In recent years, Matolcsy has become an outspoken critic of government policies, condemning measures such as price caps and rate freezes as market-distorting. He also clashed with Orban over economic policy, as he opposed the influx of investments into battery manufacturing, instead of prioritising investments in knowledge-intensive industries.
A day before the prime minister announced his choice for MNB governor, Gergely Gulyas, head of the Prime Minister’s Office, reassured markets during a government briefing that the central bank’s independence would remain intact.
There are also question marks concerning the composition of the new top ministry spearheaded by Nagy, and how he will manage to maintain fiscal austerity and boost growth at the same time. This comes as Hungary is under an EU Excessive Deficit Procedure for exceeding fiscal targets since the pandemic. The nominee for the new state secretary for the budget will also be scrutinised by the markets.

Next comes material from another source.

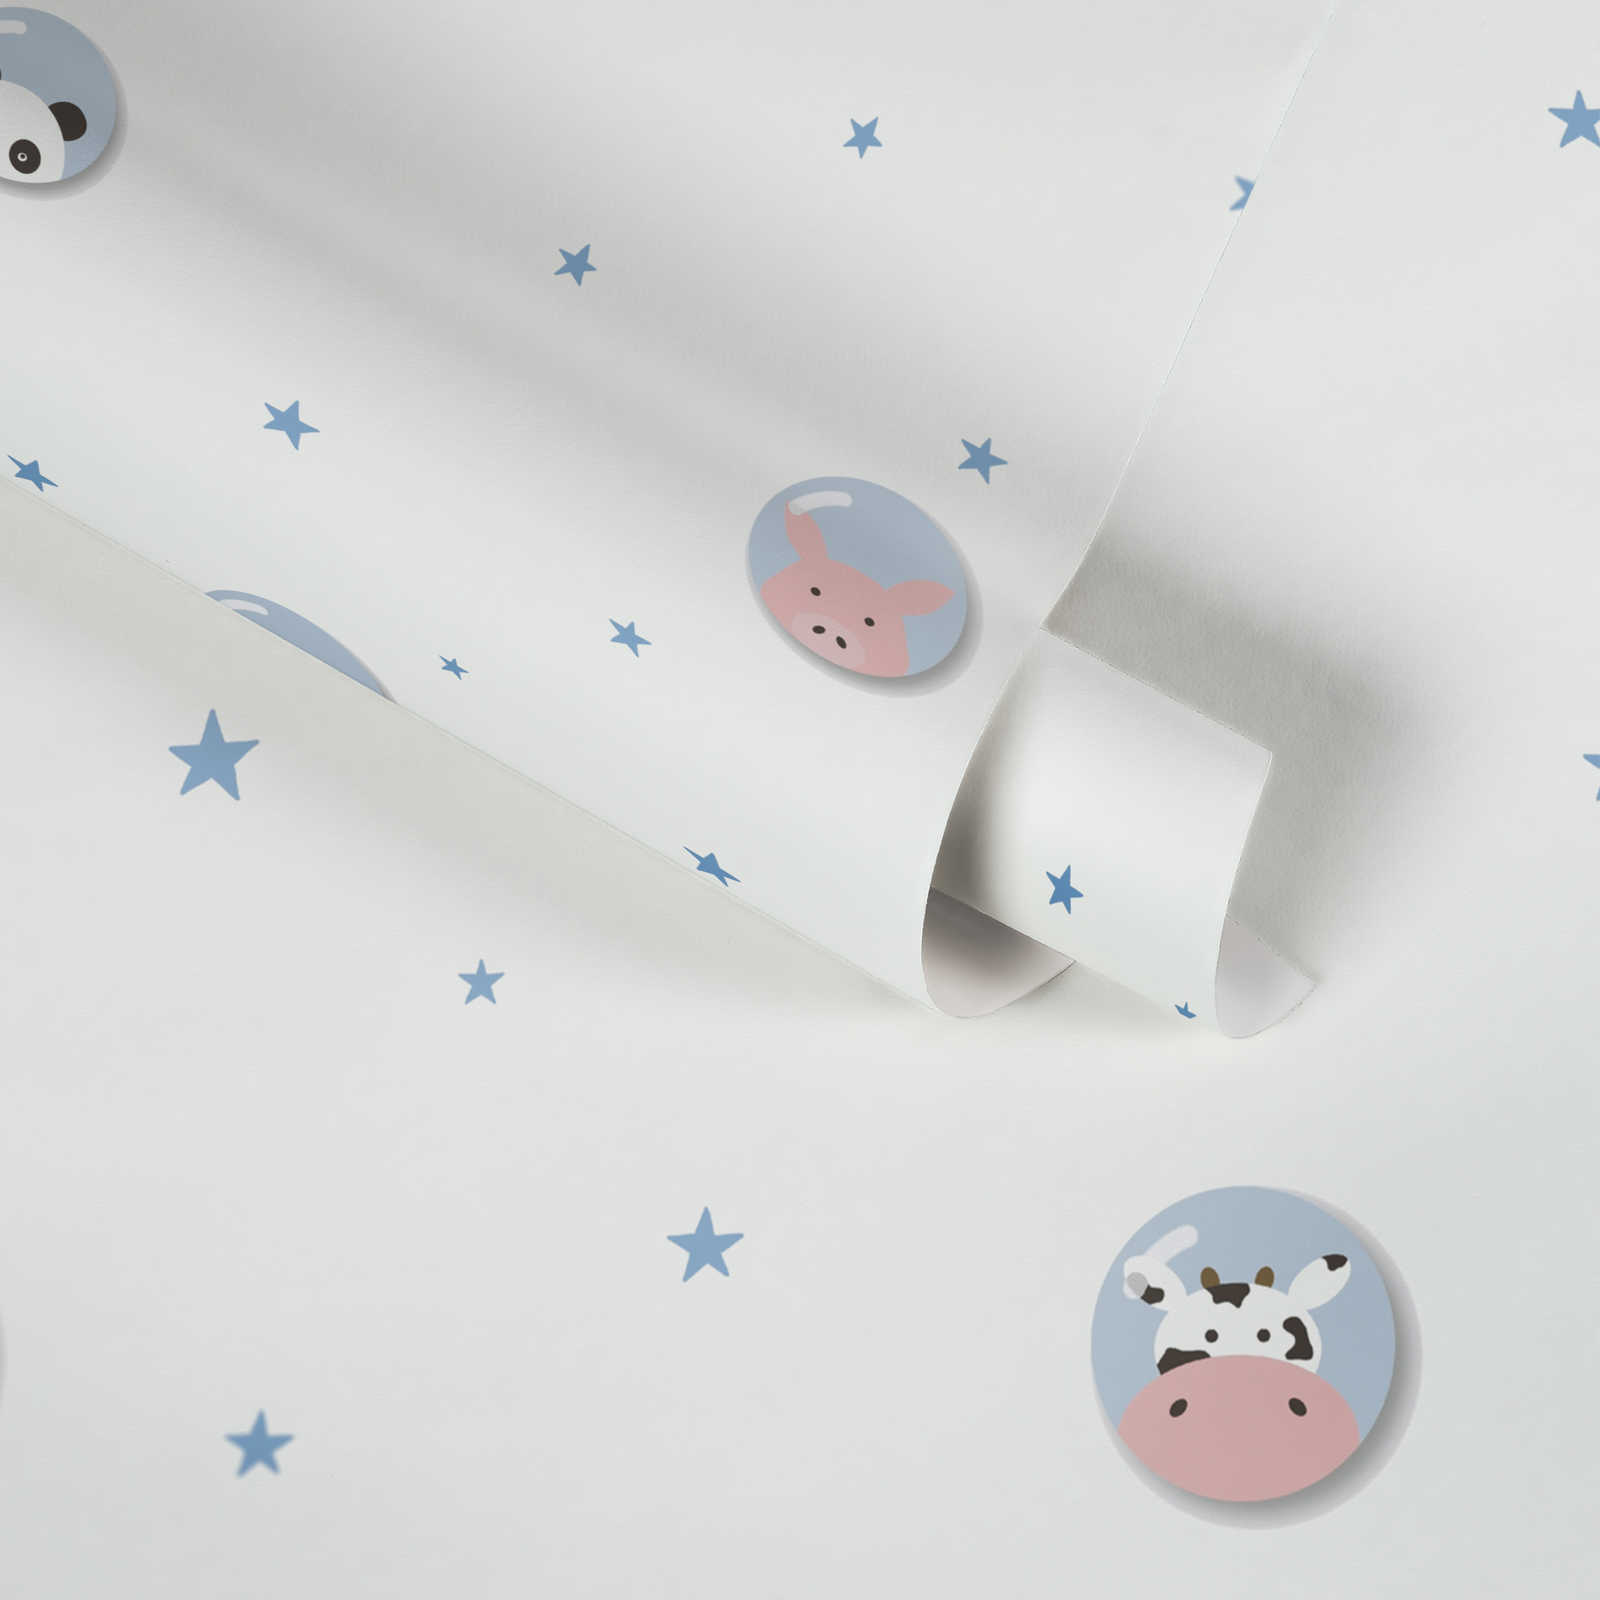             Nursery wallpaper animals & stars - blue, white, pink

Nagy, in charge of fiscal policy from March, will have to stick to the deficit targets set by his predecessor, analysts noted. The 2025 budget assumes a deficit target of 3.7% and a 2.9% shortfall in 2026 to align with the Maastricht rules.
The national economy minister at a recent conference called for temporary relief from the Maastricht criteria for investments to finance the green and digital transition. He argues that strict fiscal rules in the EU are to blame for the continent falling behind China and the United States in competitiveness, innovation and digitalisation.